--- EXERCISE OBJECTIVE ---
Pictures stay out, but every line of the data is copied exactly.

--- RECORDED INFORMATION ---
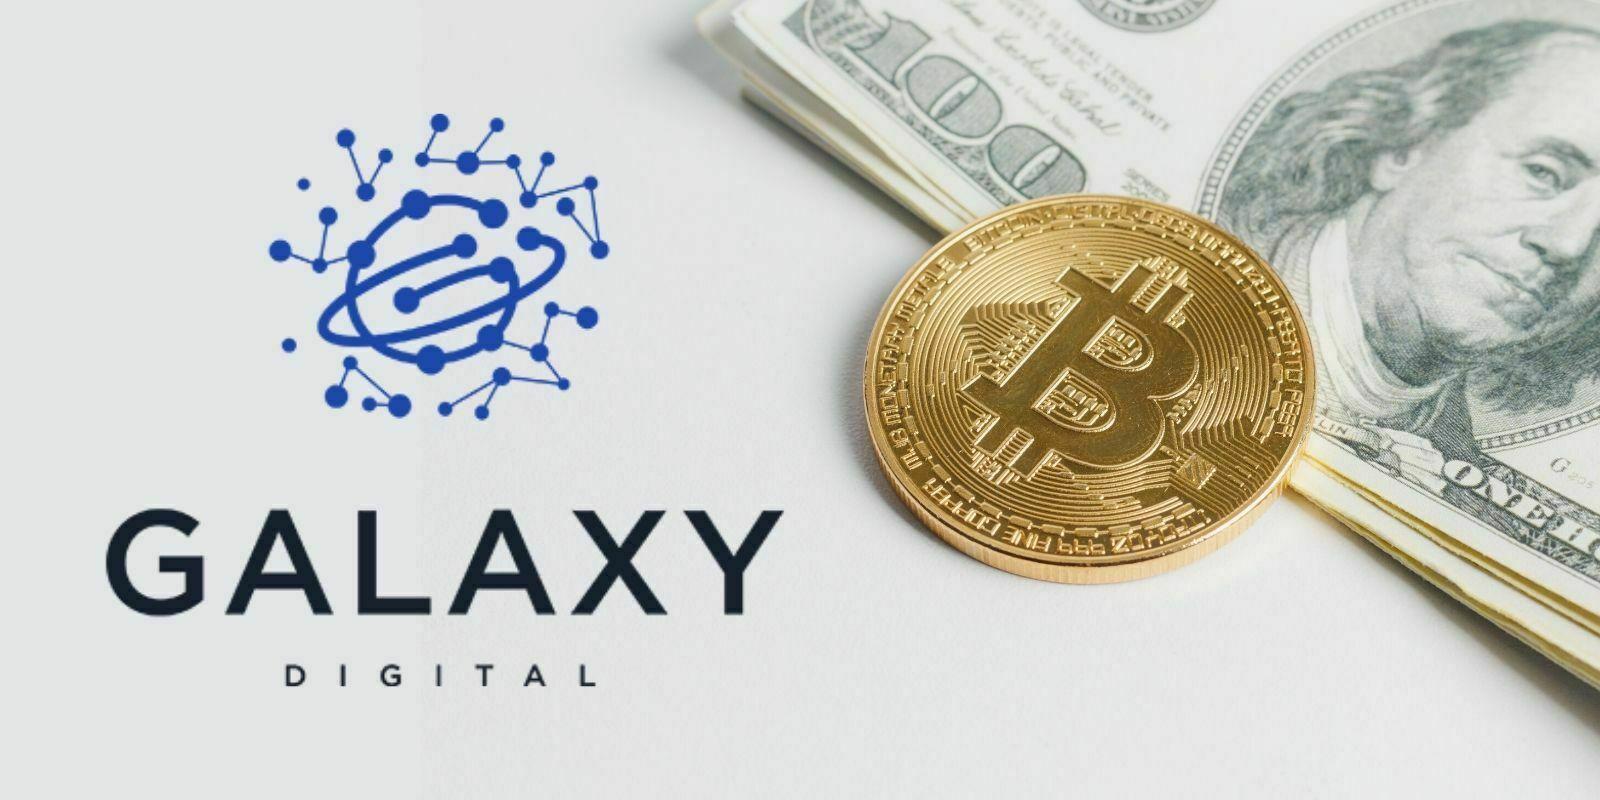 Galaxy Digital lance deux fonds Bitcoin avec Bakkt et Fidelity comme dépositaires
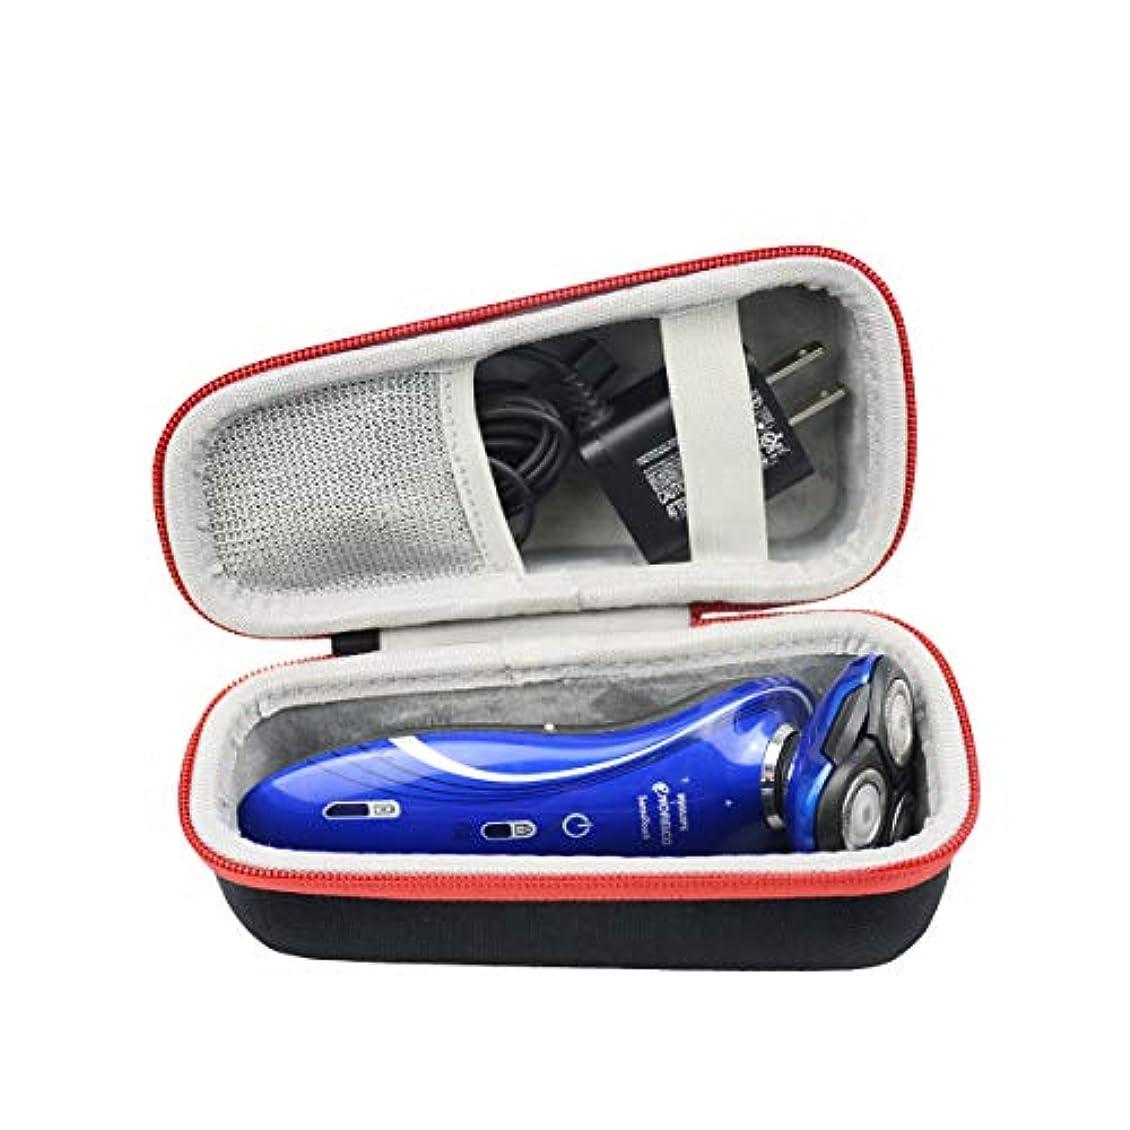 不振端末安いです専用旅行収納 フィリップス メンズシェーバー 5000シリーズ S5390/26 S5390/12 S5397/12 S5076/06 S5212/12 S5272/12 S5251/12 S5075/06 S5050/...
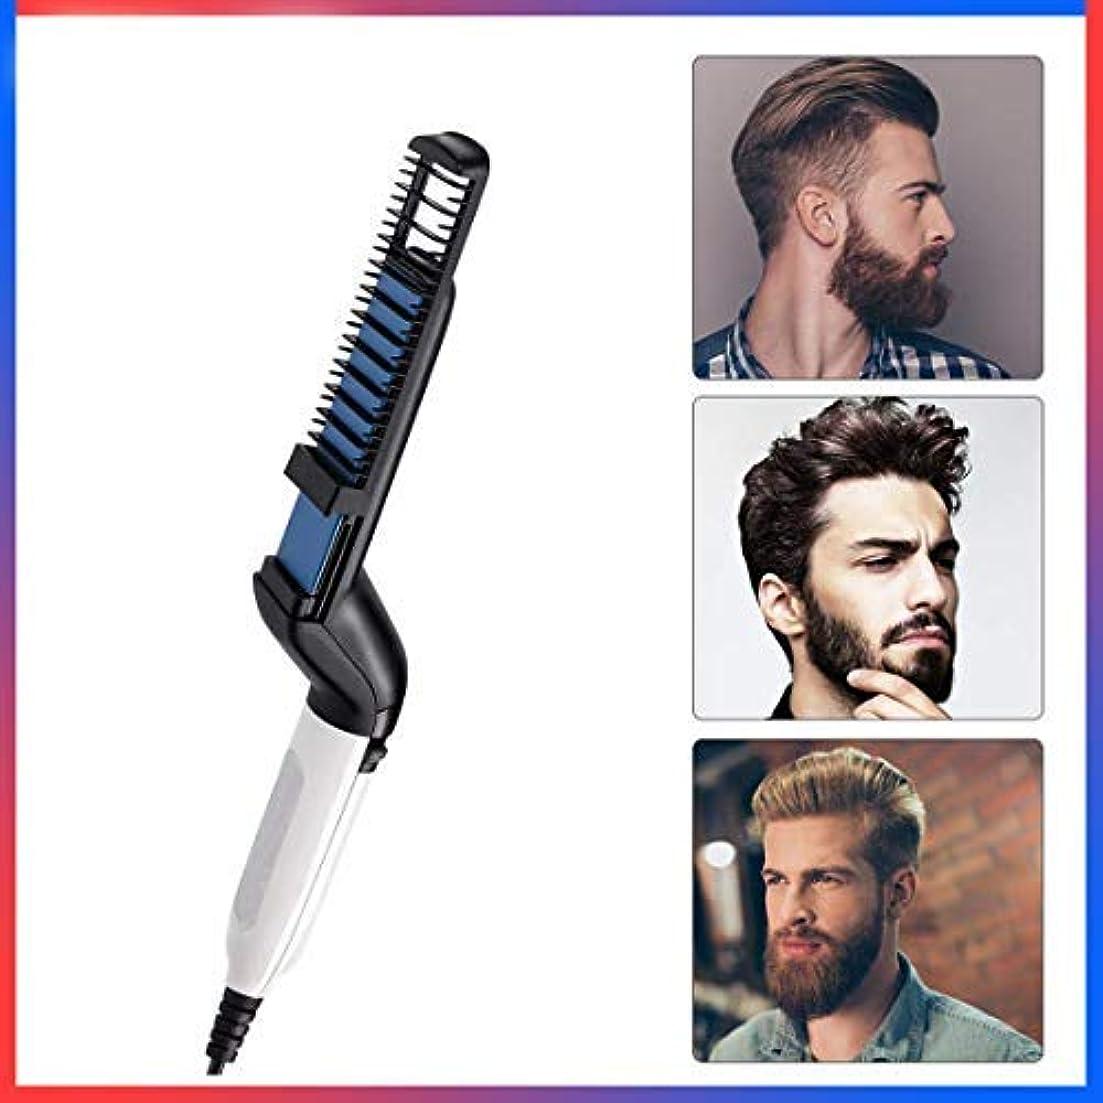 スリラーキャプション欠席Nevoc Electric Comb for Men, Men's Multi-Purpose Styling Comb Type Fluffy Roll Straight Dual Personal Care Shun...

--- WRITTEN ANSWER ---
 Galaxy Digital lance deux fonds Bitcoin avec Bakkt et Fidelity comme dépositaires
 不振端末安いです専用旅行収納 フィリップス メンズシェーバー 5000シリーズ S5390/26 S5390/12 S5397/12 S5076/06 S5212/12 S5272/12 S5251/12 S5075/06 S5050/...
 スリラーキャプション欠席Nevoc Electric Comb for Men, Men's Multi-Purpose Styling Comb Type Fluffy Roll Straight Dual Personal Care Shun...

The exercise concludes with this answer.